### Data for processing
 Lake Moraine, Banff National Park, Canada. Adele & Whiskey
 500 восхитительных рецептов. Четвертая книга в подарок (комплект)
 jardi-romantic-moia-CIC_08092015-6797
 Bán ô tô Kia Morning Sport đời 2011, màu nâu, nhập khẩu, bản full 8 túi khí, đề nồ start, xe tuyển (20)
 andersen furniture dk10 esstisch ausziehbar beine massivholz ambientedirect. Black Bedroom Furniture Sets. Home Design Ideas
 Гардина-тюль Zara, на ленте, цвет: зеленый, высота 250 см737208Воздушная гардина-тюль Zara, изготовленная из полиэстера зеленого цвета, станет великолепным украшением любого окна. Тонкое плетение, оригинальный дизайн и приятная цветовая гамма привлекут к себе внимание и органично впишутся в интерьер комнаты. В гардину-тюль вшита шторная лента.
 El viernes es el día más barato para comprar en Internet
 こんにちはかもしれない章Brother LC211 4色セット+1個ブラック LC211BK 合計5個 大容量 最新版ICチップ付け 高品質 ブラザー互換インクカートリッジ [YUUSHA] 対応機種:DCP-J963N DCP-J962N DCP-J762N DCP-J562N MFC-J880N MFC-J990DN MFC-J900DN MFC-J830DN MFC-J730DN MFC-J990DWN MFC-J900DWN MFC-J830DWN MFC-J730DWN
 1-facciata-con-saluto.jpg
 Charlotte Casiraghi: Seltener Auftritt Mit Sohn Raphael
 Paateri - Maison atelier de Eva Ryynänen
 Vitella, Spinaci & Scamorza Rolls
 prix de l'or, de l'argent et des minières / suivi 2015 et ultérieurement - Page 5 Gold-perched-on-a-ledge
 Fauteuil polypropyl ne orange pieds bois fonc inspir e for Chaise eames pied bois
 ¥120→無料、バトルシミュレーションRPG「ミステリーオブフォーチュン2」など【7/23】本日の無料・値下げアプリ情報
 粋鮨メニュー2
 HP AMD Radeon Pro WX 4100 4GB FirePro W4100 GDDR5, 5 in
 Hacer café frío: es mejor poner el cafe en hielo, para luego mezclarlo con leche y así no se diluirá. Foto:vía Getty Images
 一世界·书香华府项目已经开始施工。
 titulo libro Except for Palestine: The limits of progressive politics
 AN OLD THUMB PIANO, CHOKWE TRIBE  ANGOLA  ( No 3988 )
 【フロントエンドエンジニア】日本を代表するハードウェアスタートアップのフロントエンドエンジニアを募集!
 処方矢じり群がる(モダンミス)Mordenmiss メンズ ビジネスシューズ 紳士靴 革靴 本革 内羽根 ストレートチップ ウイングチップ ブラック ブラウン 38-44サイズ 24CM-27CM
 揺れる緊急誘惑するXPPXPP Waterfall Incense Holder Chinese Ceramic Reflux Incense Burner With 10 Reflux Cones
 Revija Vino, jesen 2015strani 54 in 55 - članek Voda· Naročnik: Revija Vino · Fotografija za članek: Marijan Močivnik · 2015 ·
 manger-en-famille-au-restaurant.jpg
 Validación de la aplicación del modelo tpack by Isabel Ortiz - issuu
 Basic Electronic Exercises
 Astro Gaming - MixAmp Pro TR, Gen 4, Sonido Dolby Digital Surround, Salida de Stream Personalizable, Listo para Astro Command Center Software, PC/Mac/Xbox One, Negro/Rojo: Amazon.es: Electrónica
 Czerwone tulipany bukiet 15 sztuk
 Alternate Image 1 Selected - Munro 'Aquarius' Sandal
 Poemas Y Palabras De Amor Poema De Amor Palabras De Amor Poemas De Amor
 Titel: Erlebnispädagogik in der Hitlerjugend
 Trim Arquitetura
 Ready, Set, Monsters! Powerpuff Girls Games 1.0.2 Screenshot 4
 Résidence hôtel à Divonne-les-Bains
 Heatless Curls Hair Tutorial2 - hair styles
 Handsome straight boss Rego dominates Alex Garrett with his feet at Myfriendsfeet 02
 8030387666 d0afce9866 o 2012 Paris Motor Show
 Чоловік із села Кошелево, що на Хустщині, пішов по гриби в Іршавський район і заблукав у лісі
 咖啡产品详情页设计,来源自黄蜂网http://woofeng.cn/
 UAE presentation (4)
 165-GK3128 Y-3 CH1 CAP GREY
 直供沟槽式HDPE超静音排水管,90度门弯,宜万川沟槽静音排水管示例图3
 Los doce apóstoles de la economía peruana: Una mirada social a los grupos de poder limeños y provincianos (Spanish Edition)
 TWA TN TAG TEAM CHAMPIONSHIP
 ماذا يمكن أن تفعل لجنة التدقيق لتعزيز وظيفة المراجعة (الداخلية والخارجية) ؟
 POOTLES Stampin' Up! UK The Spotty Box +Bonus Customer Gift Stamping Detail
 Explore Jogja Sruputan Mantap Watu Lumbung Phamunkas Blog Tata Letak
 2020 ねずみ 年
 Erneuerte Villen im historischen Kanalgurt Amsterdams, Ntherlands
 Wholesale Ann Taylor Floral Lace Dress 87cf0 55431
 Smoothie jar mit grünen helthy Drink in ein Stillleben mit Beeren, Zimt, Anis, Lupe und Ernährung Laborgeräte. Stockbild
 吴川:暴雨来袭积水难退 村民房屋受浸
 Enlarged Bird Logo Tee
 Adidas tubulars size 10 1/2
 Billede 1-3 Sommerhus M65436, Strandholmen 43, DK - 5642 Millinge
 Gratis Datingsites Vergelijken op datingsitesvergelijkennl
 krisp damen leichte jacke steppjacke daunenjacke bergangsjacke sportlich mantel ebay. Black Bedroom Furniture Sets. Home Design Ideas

### Task directions
Copy each entry above exactly, character for character.

### Task result
 Lake Moraine, Banff National Park, Canada. Adele & Whiskey
 500 восхитительных рецептов. Четвертая книга в подарок (комплект)
 jardi-romantic-moia-CIC_08092015-6797
 Bán ô tô Kia Morning Sport đời 2011, màu nâu, nhập khẩu, bản full 8 túi khí, đề nồ start, xe tuyển (20)
 andersen furniture dk10 esstisch ausziehbar beine massivholz ambientedirect. Black Bedroom Furniture Sets. Home Design Ideas
 Гардина-тюль Zara, на ленте, цвет: зеленый, высота 250 см737208Воздушная гардина-тюль Zara, изготовленная из полиэстера зеленого цвета, станет великолепным украшением любого окна. Тонкое плетение, оригинальный дизайн и приятная цветовая гамма привлекут к себе внимание и органично впишутся в интерьер комнаты. В гардину-тюль вшита шторная лента.
 El viernes es el día más barato para comprar en Internet
 こんにちはかもしれない章Brother LC211 4色セット+1個ブラック LC211BK 合計5個 大容量 最新版ICチップ付け 高品質 ブラザー互換インクカートリッジ [YUUSHA] 対応機種:DCP-J963N DCP-J962N DCP-J762N DCP-J562N MFC-J880N MFC-J990DN MFC-J900DN MFC-J830DN MFC-J730DN MFC-J990DWN MFC-J900DWN MFC-J830DWN MFC-J730DWN
 1-facciata-con-saluto.jpg
 Charlotte Casiraghi: Seltener Auftritt Mit Sohn Raphael
 Paateri - Maison atelier de Eva Ryynänen
 Vitella, Spinaci & Scamorza Rolls
 prix de l'or, de l'argent et des minières / suivi 2015 et ultérieurement - Page 5 Gold-perched-on-a-ledge
 Fauteuil polypropyl ne orange pieds bois fonc inspir e for Chaise eames pied bois
 ¥120→無料、バトルシミュレーションRPG「ミステリーオブフォーチュン2」など【7/23】本日の無料・値下げアプリ情報
 粋鮨メニュー2
 HP AMD Radeon Pro WX 4100 4GB FirePro W4100 GDDR5, 5 in
 Hacer café frío: es mejor poner el cafe en hielo, para luego mezclarlo con leche y así no se diluirá. Foto:vía Getty Images
 一世界·书香华府项目已经开始施工。
 titulo libro Except for Palestine: The limits of progressive politics
 AN OLD THUMB PIANO, CHOKWE TRIBE  ANGOLA  ( No 3988 )
 【フロントエンドエンジニア】日本を代表するハードウェアスタートアップのフロントエンドエンジニアを募集!
 処方矢じり群がる(モダンミス)Mordenmiss メンズ ビジネスシューズ 紳士靴 革靴 本革 内羽根 ストレートチップ ウイングチップ ブラック ブラウン 38-44サイズ 24CM-27CM
 揺れる緊急誘惑するXPPXPP Waterfall Incense Holder Chinese Ceramic Reflux Incense Burner With 10 Reflux Cones
 Revija Vino, jesen 2015strani 54 in 55 - članek Voda· Naročnik: Revija Vino · Fotografija za članek: Marijan Močivnik · 2015 ·
 manger-en-famille-au-restaurant.jpg
 Validación de la aplicación del modelo tpack by Isabel Ortiz - issuu
 Basic Electronic Exercises
 Astro Gaming - MixAmp Pro TR, Gen 4, Sonido Dolby Digital Surround, Salida de Stream Personalizable, Listo para Astro Command Center Software, PC/Mac/Xbox One, Negro/Rojo: Amazon.es: Electrónica
 Czerwone tulipany bukiet 15 sztuk
 Alternate Image 1 Selected - Munro 'Aquarius' Sandal
 Poemas Y Palabras De Amor Poema De Amor Palabras De Amor Poemas De Amor
 Titel: Erlebnispädagogik in der Hitlerjugend
 Trim Arquitetura
 Ready, Set, Monsters! Powerpuff Girls Games 1.0.2 Screenshot 4
 Résidence hôtel à Divonne-les-Bains
 Heatless Curls Hair Tutorial2 - hair styles
 Handsome straight boss Rego dominates Alex Garrett with his feet at Myfriendsfeet 02
 8030387666 d0afce9866 o 2012 Paris Motor Show
 Чоловік із села Кошелево, що на Хустщині, пішов по гриби в Іршавський район і заблукав у лісі
 咖啡产品详情页设计,来源自黄蜂网http://woofeng.cn/
 UAE presentation (4)
 165-GK3128 Y-3 CH1 CAP GREY
 直供沟槽式HDPE超静音排水管,90度门弯,宜万川沟槽静音排水管示例图3
 Los doce apóstoles de la economía peruana: Una mirada social a los grupos de poder limeños y provincianos (Spanish Edition)
 TWA TN TAG TEAM CHAMPIONSHIP
 ماذا يمكن أن تفعل لجنة التدقيق لتعزيز وظيفة المراجعة (الداخلية والخارجية) ؟
 POOTLES Stampin' Up! UK The Spotty Box +Bonus Customer Gift Stamping Detail
 Explore Jogja Sruputan Mantap Watu Lumbung Phamunkas Blog Tata Letak
 2020 ねずみ 年
 Erneuerte Villen im historischen Kanalgurt Amsterdams, Ntherlands
 Wholesale Ann Taylor Floral Lace Dress 87cf0 55431
 Smoothie jar mit grünen helthy Drink in ein Stillleben mit Beeren, Zimt, Anis, Lupe und Ernährung Laborgeräte. Stockbild
 吴川:暴雨来袭积水难退 村民房屋受浸
 Enlarged Bird Logo Tee
 Adidas tubulars size 10 1/2
 Billede 1-3 Sommerhus M65436, Strandholmen 43, DK - 5642 Millinge
 Gratis Datingsites Vergelijken op datingsitesvergelijkennl
 krisp damen leichte jacke steppjacke daunenjacke bergangsjacke sportlich mantel ebay. Black Bedroom Furniture Sets. Home Design Ideas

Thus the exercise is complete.